The metamorphosis is complete. Chairlift have burst out from their beginnings making ambient music for haunted-houses and have turned into a flamboyant, joyful, dance-floor bound act.
Self-produced third album ‘Moth’ is relentlessly creative. Unlike their previous two records, there’s no sense that Chairlift have gone rifling through their record collection looking for yet more gloomy 1980s pop to inspire them. ‘Moth’ really does sound like a group (now a duo after Aaron Pfenning split with the group back before Chairlift’s second album, ‘Something’) that have moved onto something new.
The first glimpse of their newest effort came in the form of the towering ‘Ch-Ching’; the duo’s dazzling, inventive lead single. Who would have thought that the same people behind ‘Bruises’ could have created something as brilliant bizarre as their opening gambit. It’s weird, it’s wonderful and it’s infectious, leaving the listener singing “27-99-23” non-stop.
Elsewhere, with its space age zapping synths, there’s a distinct St. Vincent influence present on the pace-y ‘Romeo’, and a dabble of funk pulse and guitar upstrokes on ‘Polymorphing’. This isn’t to say that ‘Moth’ is just an album for losing your shit to, though. Following its thrilling start, the tone switches down as Polachek makes things intimate and personal on ‘Crying In Public’; “I’m sorry I’m causing a scene on the train/I’ve fallen for you/I’ve fallen for you.” The duo are in a similarly subdued mood - “But for now, don’t wait for me” on ‘Unfinished Business’ – proving that ‘Moth’ isn’t all about getting ready for the floor.
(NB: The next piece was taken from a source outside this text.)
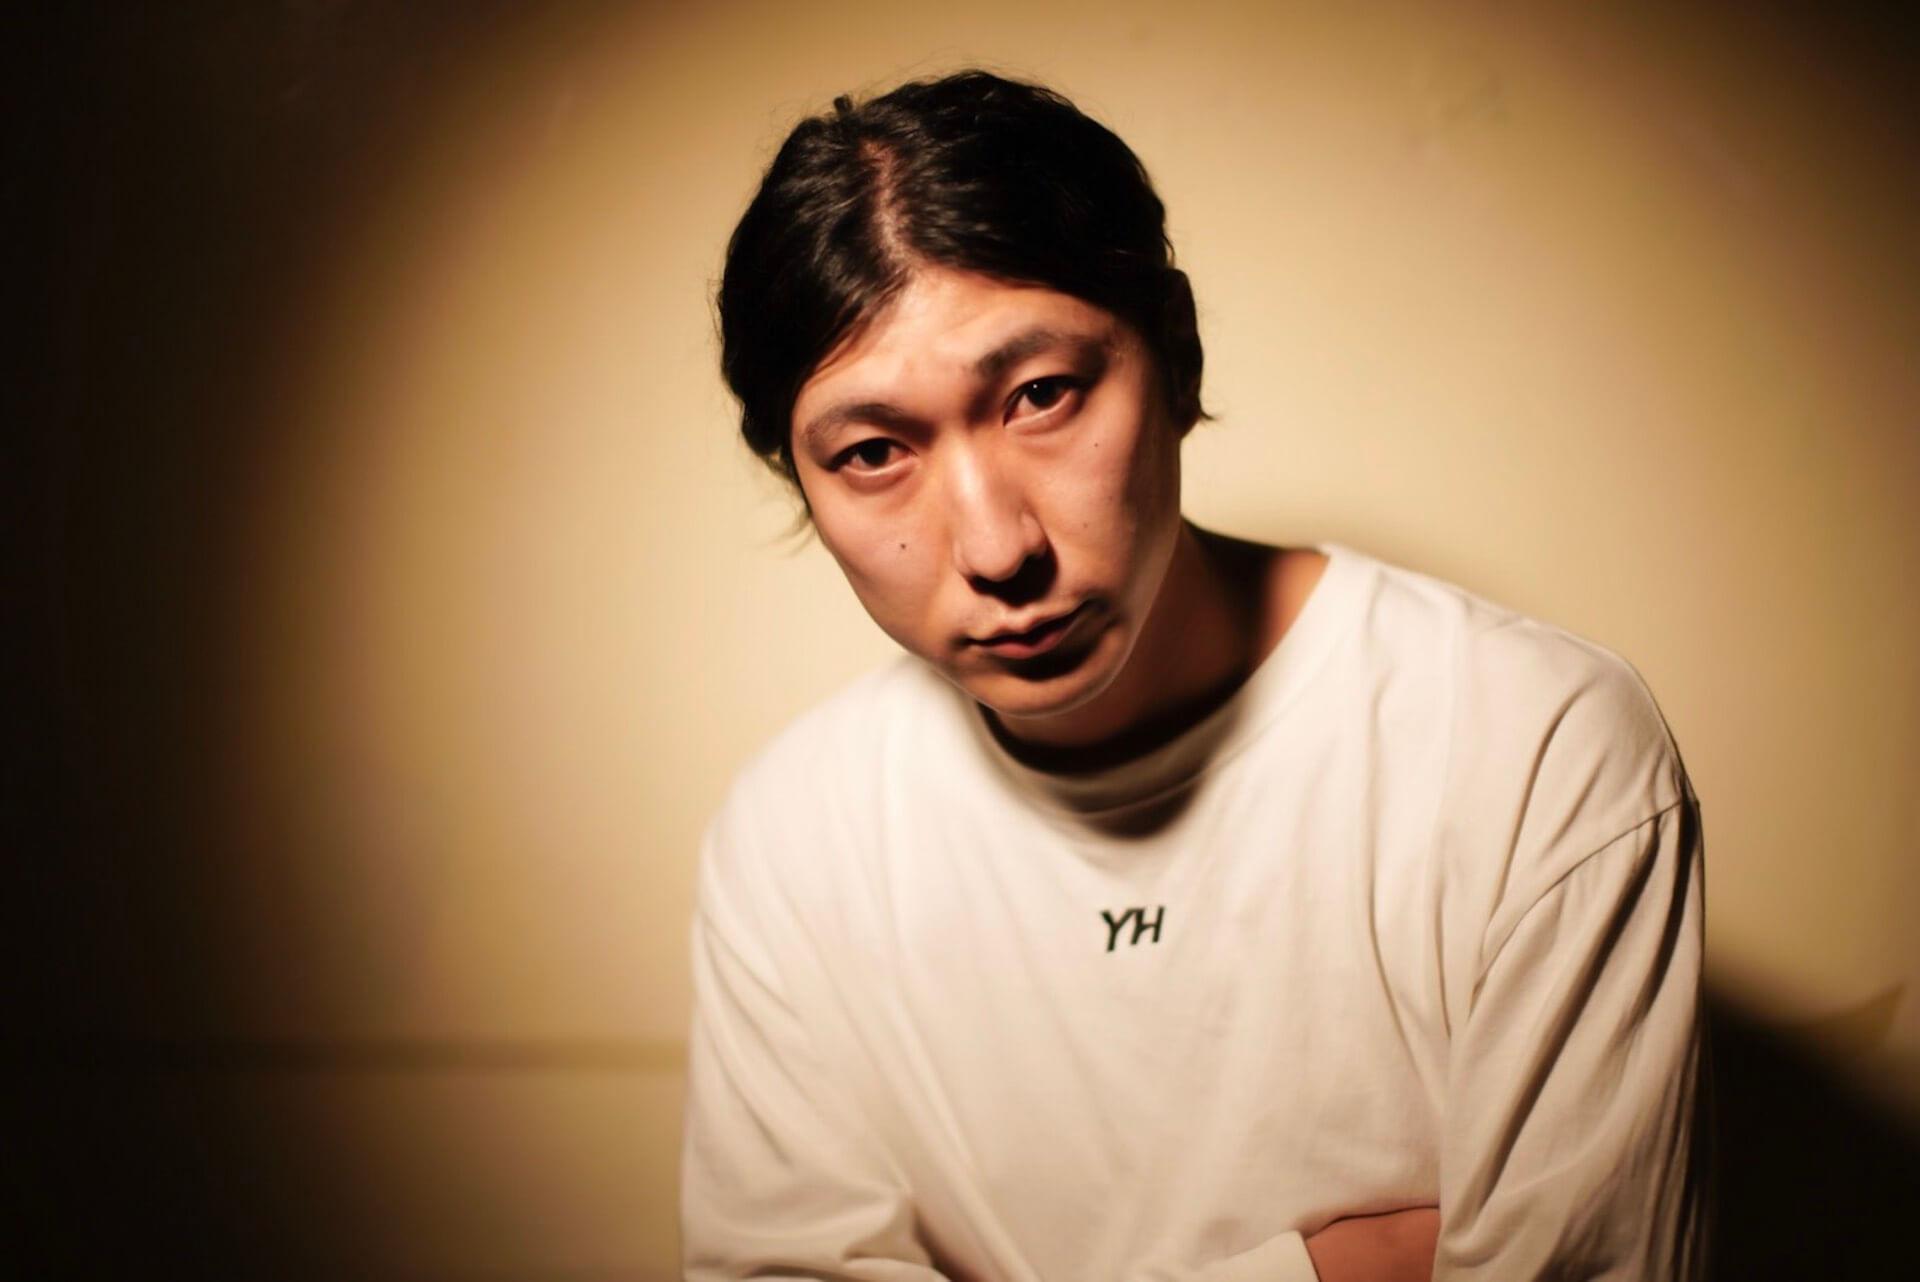 Yoshinori HayashiとDJ TODAYによるレジデントパーティーが美術家・村田峰紀を召喚し11月に開催 music191010-amygdala-moss-3

There are, however, tracks designed to elicit a physical reaction. With a thudding, club-ready beat and strong vocals from Polachek on ‘Moths To The Flame’ (which shine on ‘Show U Off’ as well), long-time Chairlift fans may be put off by the duo’s new direction. Hopefully that’s not the case, because ‘Moth’ - aside from the underwhelming ‘Ottawa to Osaka’ - is a delight, an album bursting with confidence. It’s a joy to hear two artists having so much fun. They may have left behind their haunted house roots, which might rub some people off the wrong way, but Chairlift have found themselves creating something far more barmy, bold and exhilarating than ever before. 2016 will be their year.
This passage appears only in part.